US stocks opened with a positive outlook on Monday, changing very little from record highs as the market closed last week. Apparently, investors are shifting interest towards a busy earnings week from many of the biggest companies in America. This includes big names like Johnson and Johnson, IBM, and Microsoft.
For example, the Dow Jones Industrial Average fell by only 0.03% while the Standard & Poors 500 Index fell only 0.01 percent; the Nasdaq Composite fell 0.05 percent. And, again, while these numbers are down, they have all fallen miniscule amounts from record highs.
As such, Phil Guarco, global investment specialist at J.P. Morgan Private Bank, says, “The U.S. market isn’t cheap right now.”
In fact, 9 of the 11 major S&P sectors were up on the day; the materials index led the rise with a 0.37 bump. At the other end, the financial sector was little changed.
Guarco goes on to say, “Earnings are going to take an important role. We’re in a situation where the corporate profits and the profits they are going to deliver in the future will be of keen interest.”

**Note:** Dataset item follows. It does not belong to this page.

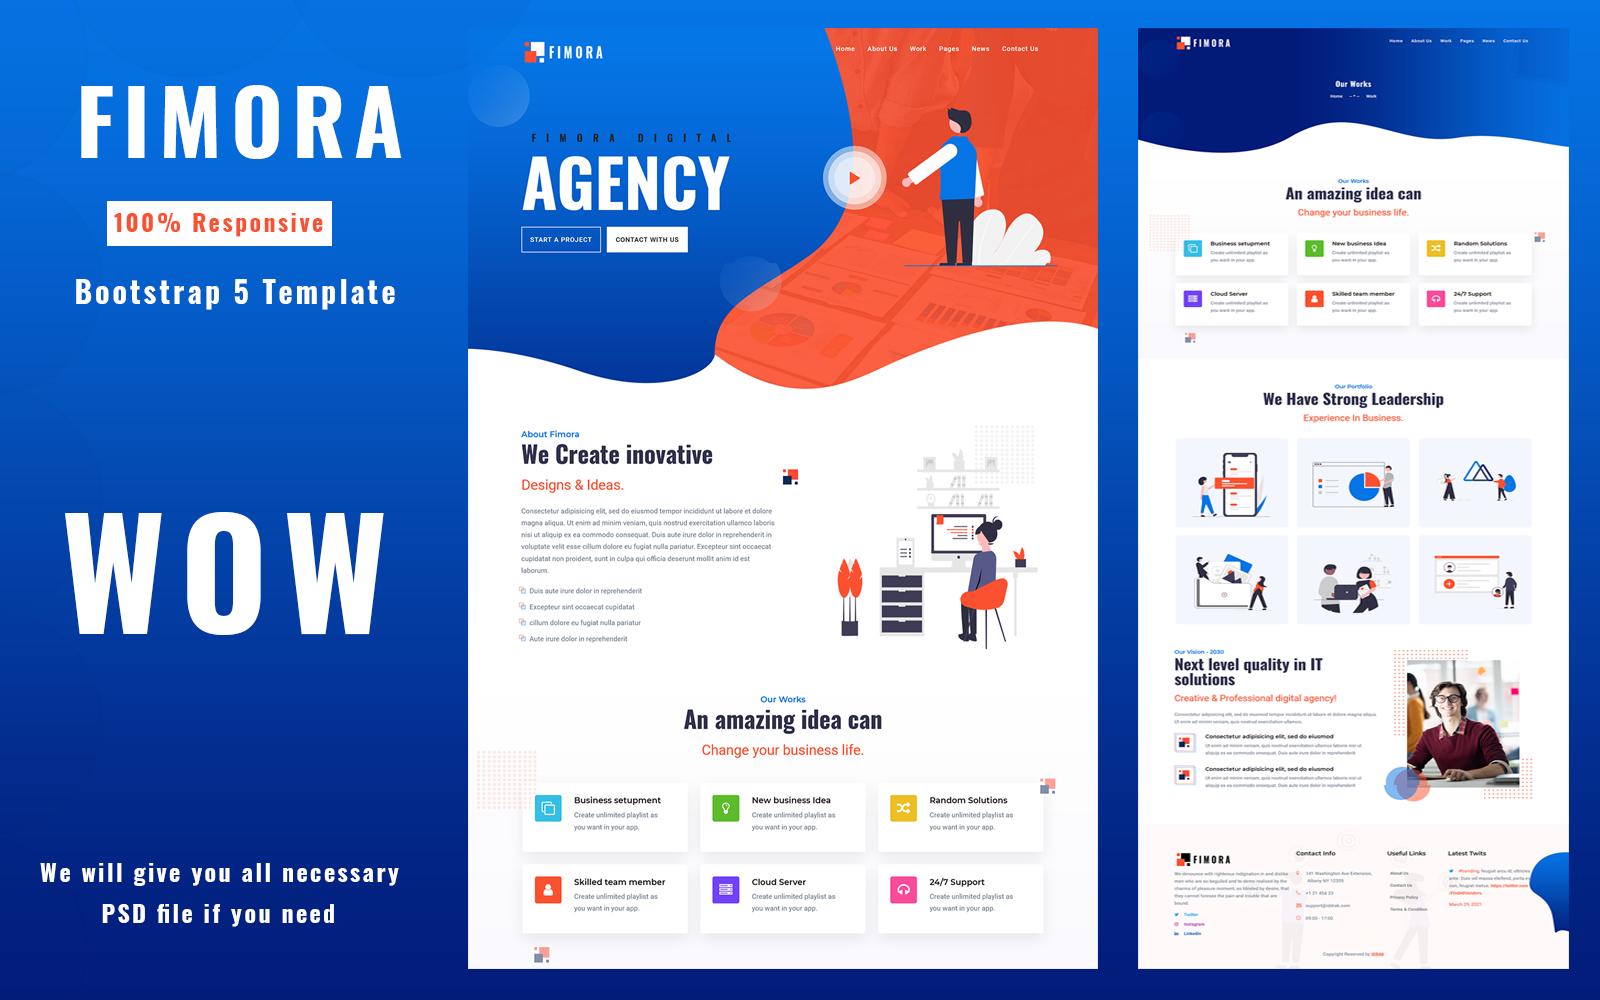 Fimora - Sjabloon voor zakelijke websites van Digital Agency

In addition, CIBC Atlantic Trust Private Wealth Management chief investment officer Dave Donabedian shares, “After new highs that we saw last week, the market deserves a rest as investors await big earnings this week. Our view is that right now the equity market is a one-legged stool that’s driven by earnings and we’re pretty optimistic about earnings but if that should falter, the market will falter.”

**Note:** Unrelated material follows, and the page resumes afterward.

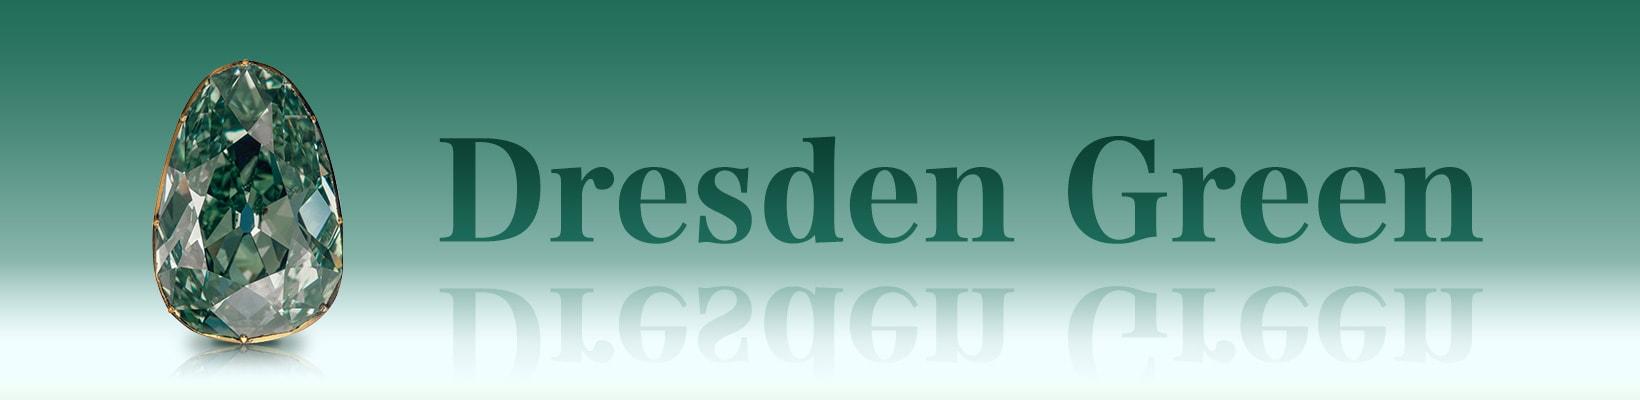 【緑色のダイヤ】ドレスデン・グリーン

Analysts now estimate that second-quarter earnings for the S&P 500 companies, so far this year, rose by more than 8 percent from the year prior. Furthermore, first quarter earnings showed what they determined to be the best performance since 2011. Actually, the S&P 500 has been trading at about 18 times the earnings estimate, which is far better than the long-term trading rate of 15 times the earnings estimate average.
Also, the financial sector has not changed much since results and forecasts were released on Friday from big banks like Wells Fargo, JPMorgan, and Citigroup, to very little fanfare. We are still waiting on reports from Goldman Sachs, Bank of America, and Morgan Stanley.